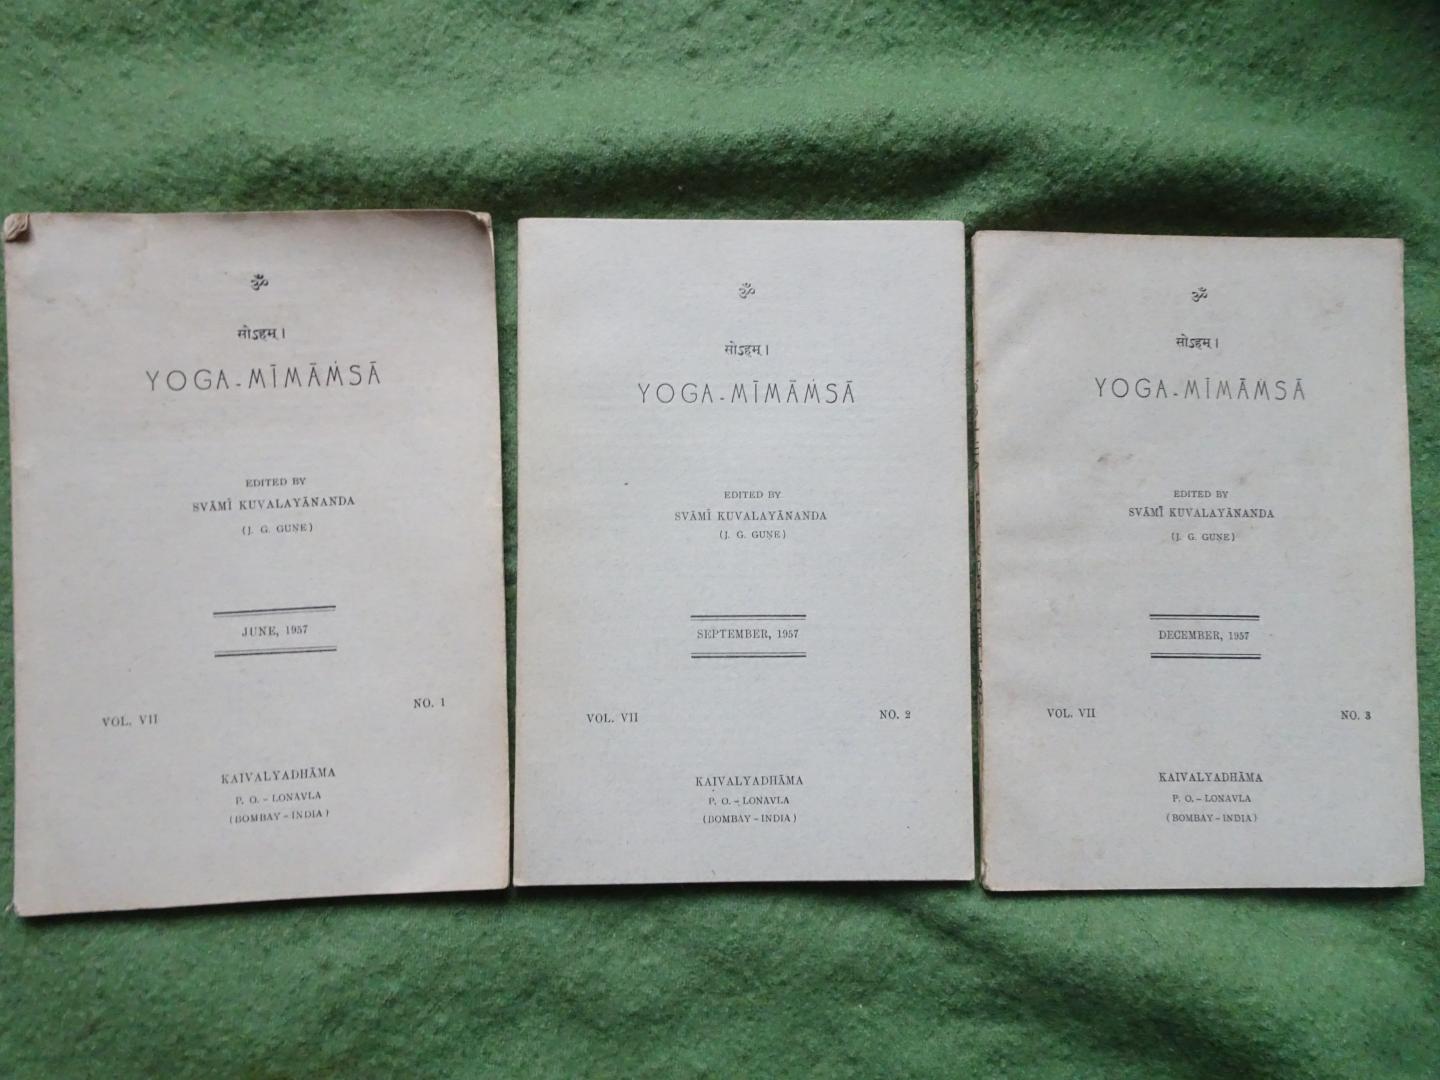 Svami Kuvalayananda (j.g. gUNE) - YOGA-MIMAMSA Vol. VII no 1, 2 and 3
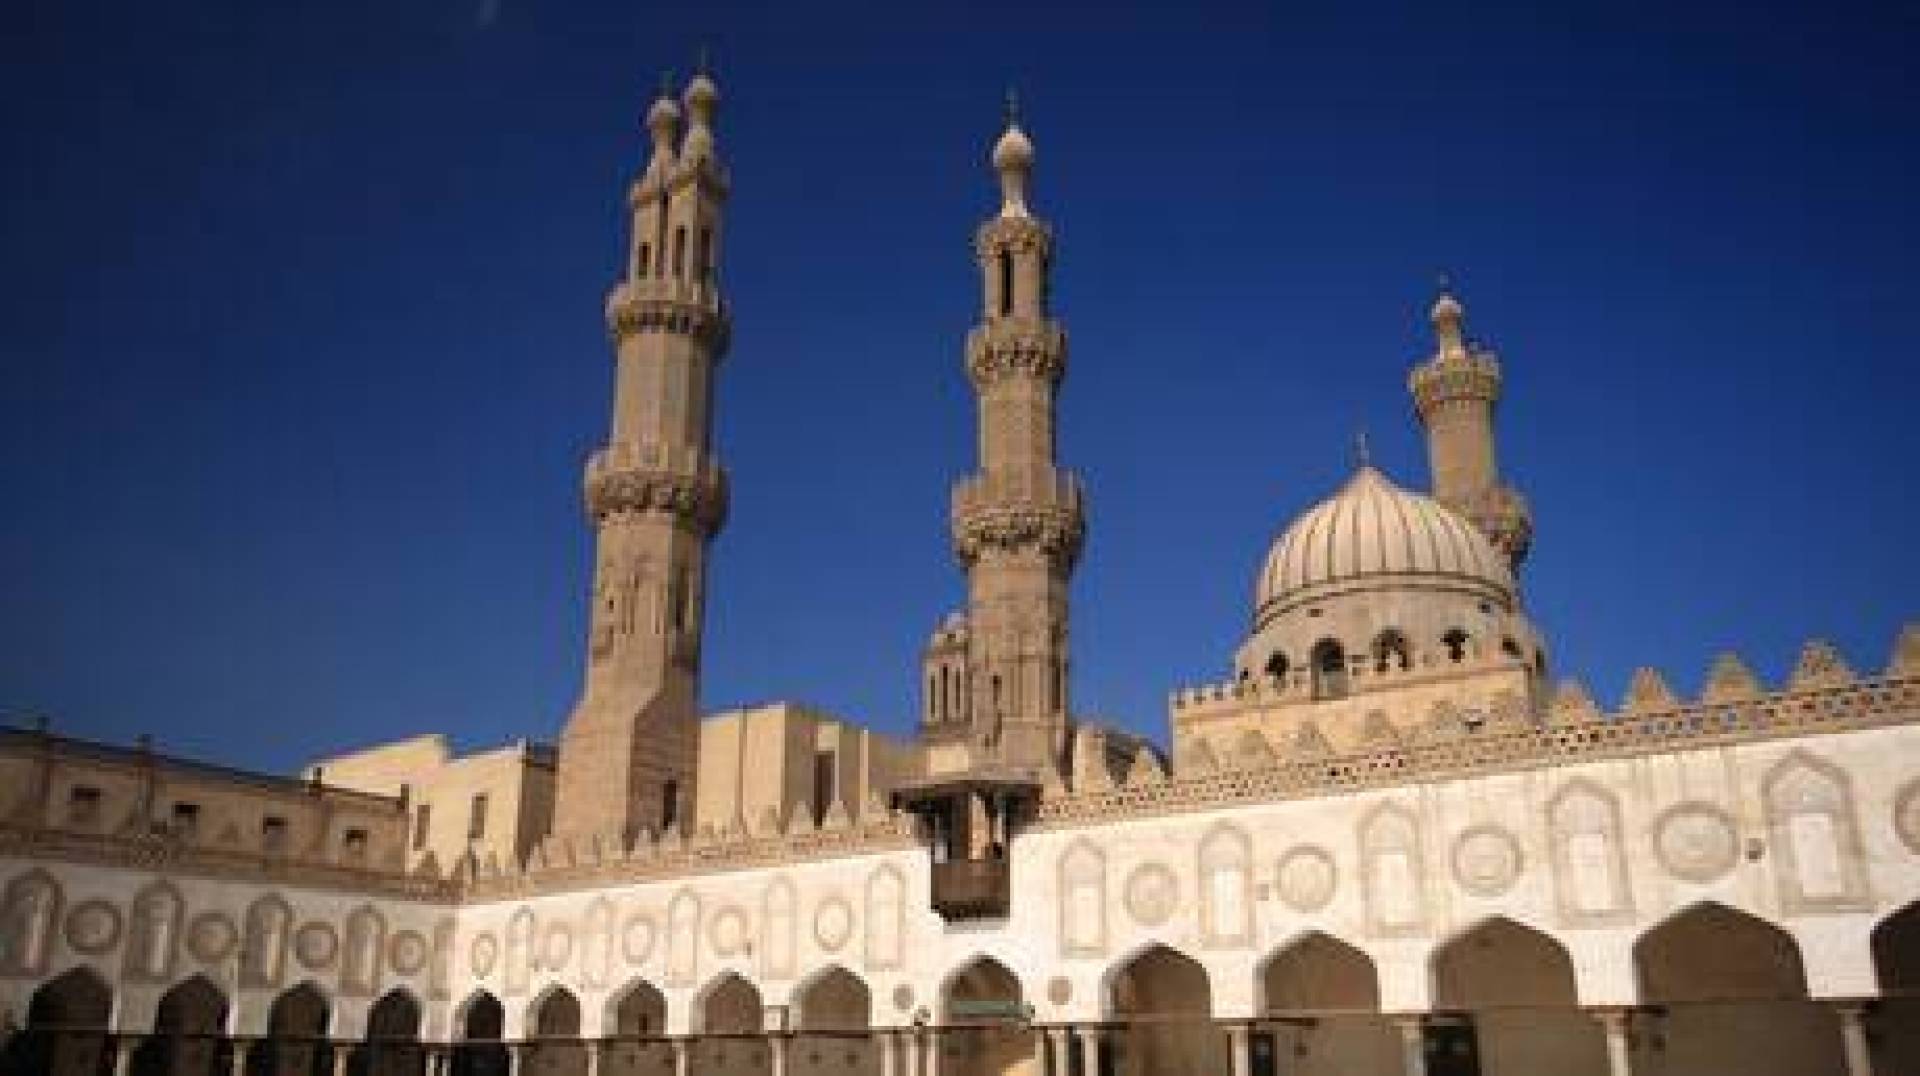 عالم أزهري: الصلاة بمساجد الأضرحة صحيحة وزيارة أماكن الصالحين مطلوبة
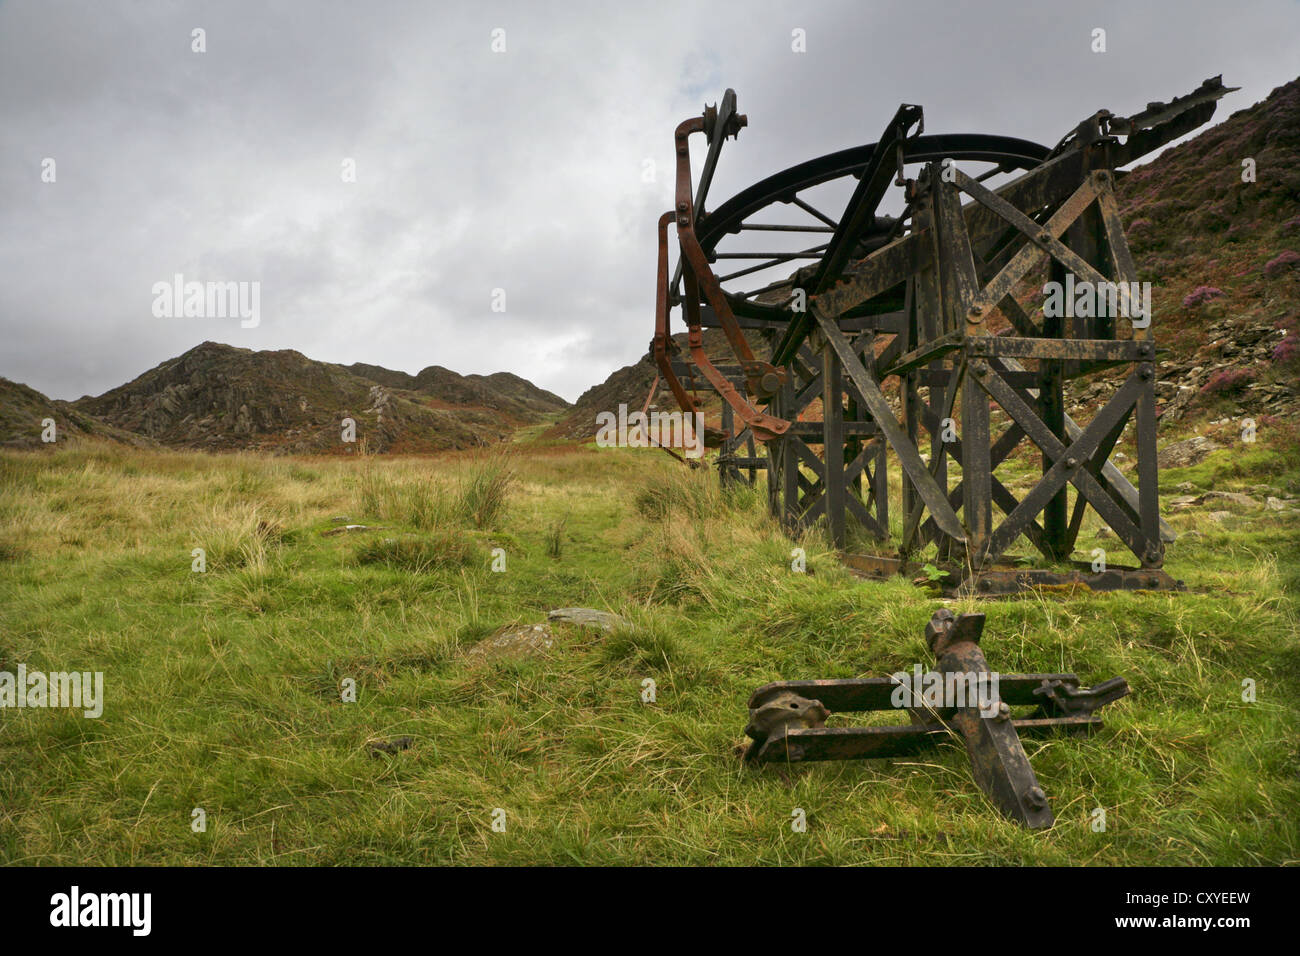 Luftseilbahn Maschinen aus den 19. Jahrhundert Kupfer-Minen in Cwm Bychan, Snowdonia, Nordwales aufgegeben. Stockfoto

☆ ☆ ☆ ☆ ☆

**Assignment**
All of the material should be written out again exactly, apart from the pictures.

**Exercise answer**
 Svami Kuvalayananda (j.g. gUNE) - YOGA-MIMAMSA Vol. VII no 1, 2 and 3
 عالم أزهري: الصلاة بمساجد الأضرحة صحيحة وزيارة أماكن الصالحين مطلوبة
 Luftseilbahn Maschinen aus den 19. Jahrhundert Kupfer-Minen in Cwm Bychan, Snowdonia, Nordwales aufgegeben. Stockfoto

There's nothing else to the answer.